7. In our judgment, the amendment made in Article 311(2) only clarifies the position that existed before the said article was amended. The new Article 311(2) makes it plain that there will be an enquiry stage at which a reasonable opportunity must be given to the delinquent officer of being heard in respect of the charges. It also says that if it is proposed after enquiry to impose on the delinquent officer any penalty, then he shall be given a reasonable opportunity of making representation on the penalty proposed. These are precisely the two opportunities which the Supreme Court said in Khem Chand's Case, 1958 SCR 1080= (AIR 1958 SC 300) (supra) the delinquent officer was entitled to under Article 311(2) as it stood originalllv. The words 'but only on the basis of the evidence adduced during such enquiry' occurring at the end of the amended Clause (2) of Article 311 leave no doubt that the Government servant is not entitled to adduce fresh or additional evidence at the second stage. The second stage is confined to making a representation against the proposed punishment on the basis of the evidence adduced during the enquiry at the first stage.
In our opinion, the making of a representation on the penalty proposed at the second stage does not mean that at that stage the Government servant can canvass only the question of the quantum or nature of the punishment At that stage the Government servant can also urge that the charges levelled against him have not been proved or established and that no penalty of any kind should be imposed on him or that on the findings reached at the enquiry the proposed penalty should not be imposed on him. The right of making a representation on the penalty proposed would become meaningless and futile if the right is to be confined only to the quantum or nature of the punishment. It is thus plain that even at the second stage the delinquent Government servant is heard and has to be heard in respect of the charges which formed the subject-matter of investigation at the enquiry.

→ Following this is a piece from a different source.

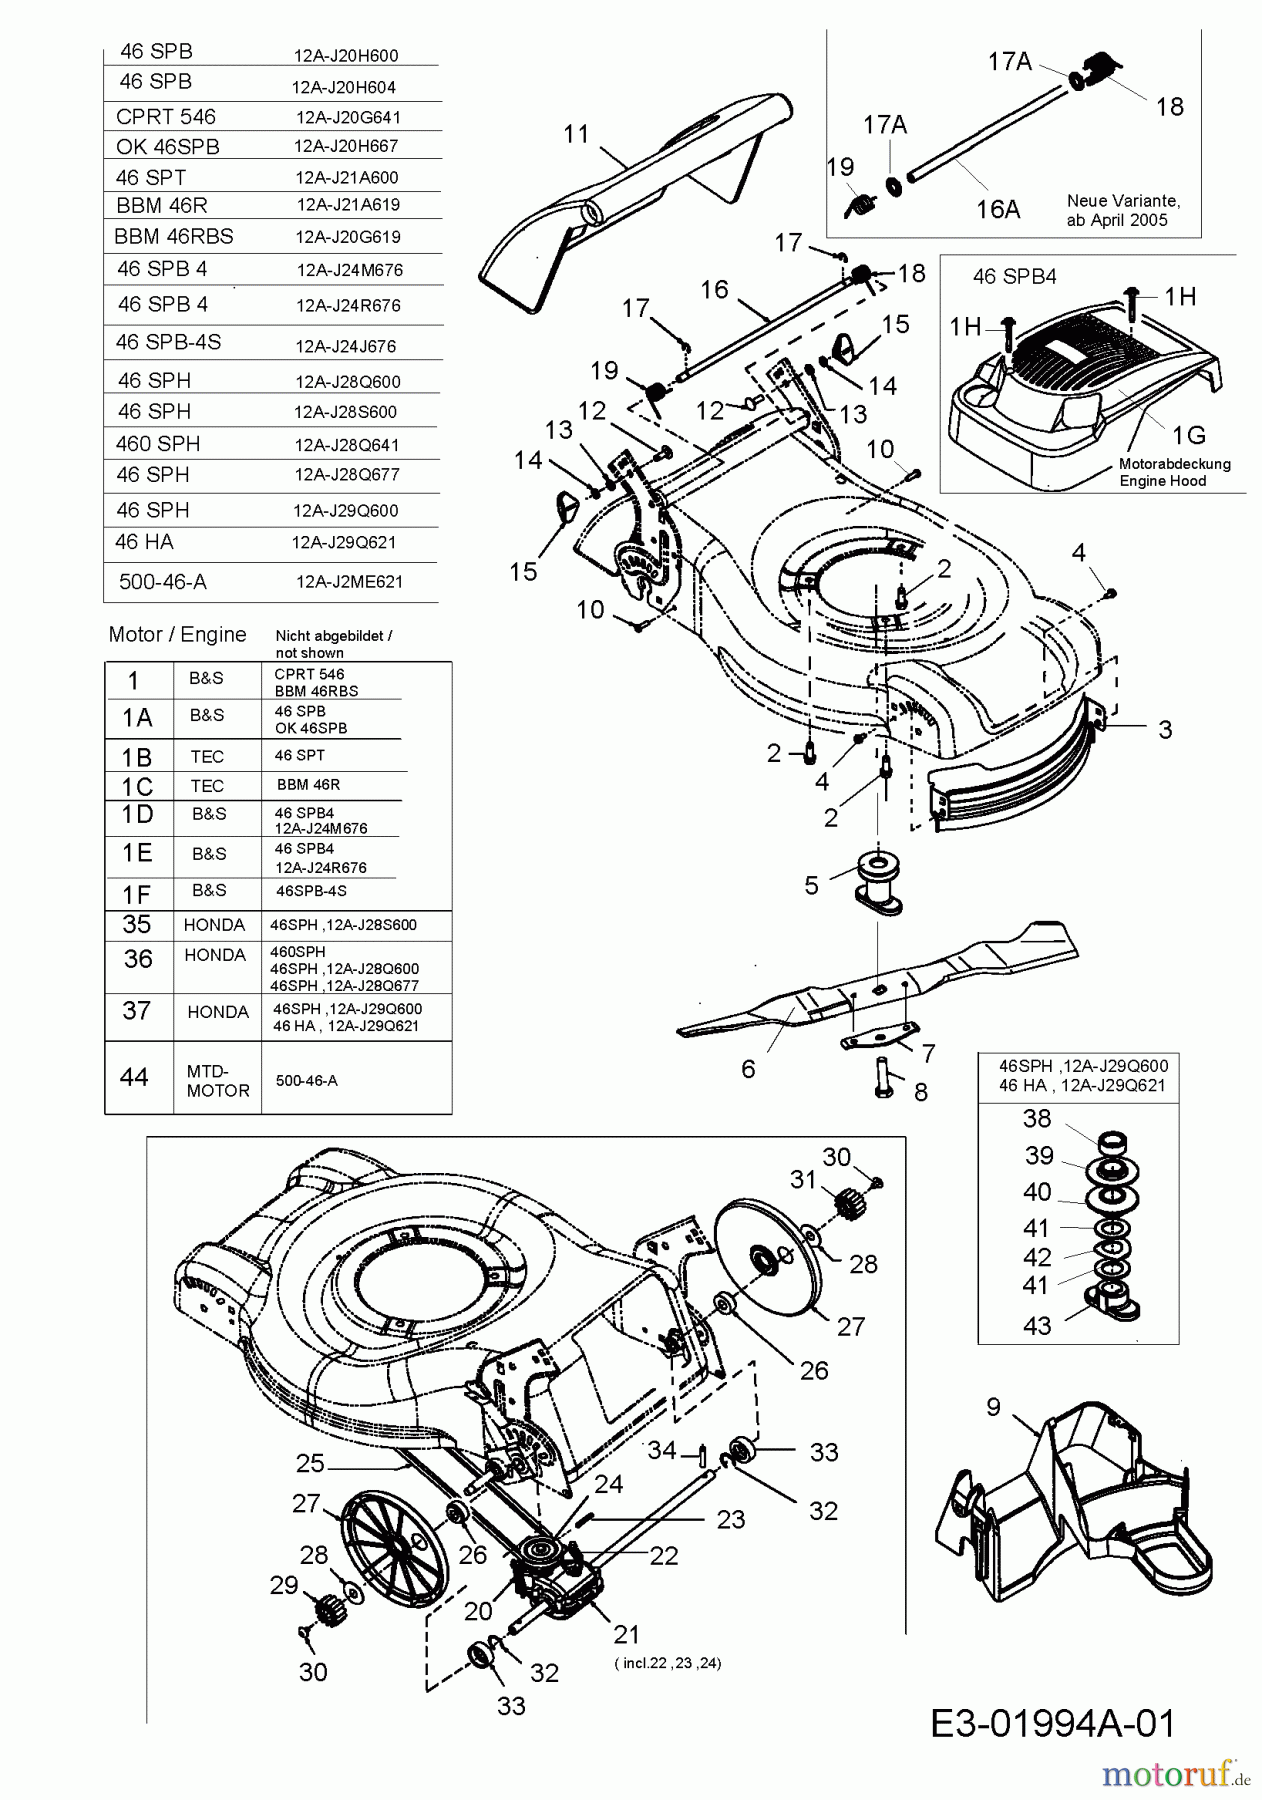  MTD Motormäher mit Antrieb 46 SPT 12A-J21A600  (2005) Getriebe, Messer, Motor

If, as we think, the delinquent Government servant is given a hearing at the second stage before the disciplinary and punishing authority in respect of the charges which formed the subject-matter of investigation at the enquiry then there can be no basis for contending that as at the second stage a representation is confined only to the quantum of nature of punishment, the disciplinary authority must necessarily itself hold the enquiry contemplated by the amended Article 311(2). The amendment made in Article 311(2) does not in any way dislodge the proposition laid down in Pradyat Kumar's Case, 1955-2 SCR 1331 = (AIR 1956 SC 285) (supra) that the actual conduct of an enquiry can be entrusted by the disciplinary authority to any other official. The contention of the learned counsel for the petitioner that the enquiry held by Shri Ansari was in contravention of the amended Article 311(2) and illegal cannot be accepted.
8. For the foregoing reasons, this petition must be and is dismissed with costs. Counsel's fee is fixed at Rs. 150. The outstanding amount of the security deposit after deduction of costs shall be refunded to the petitioner.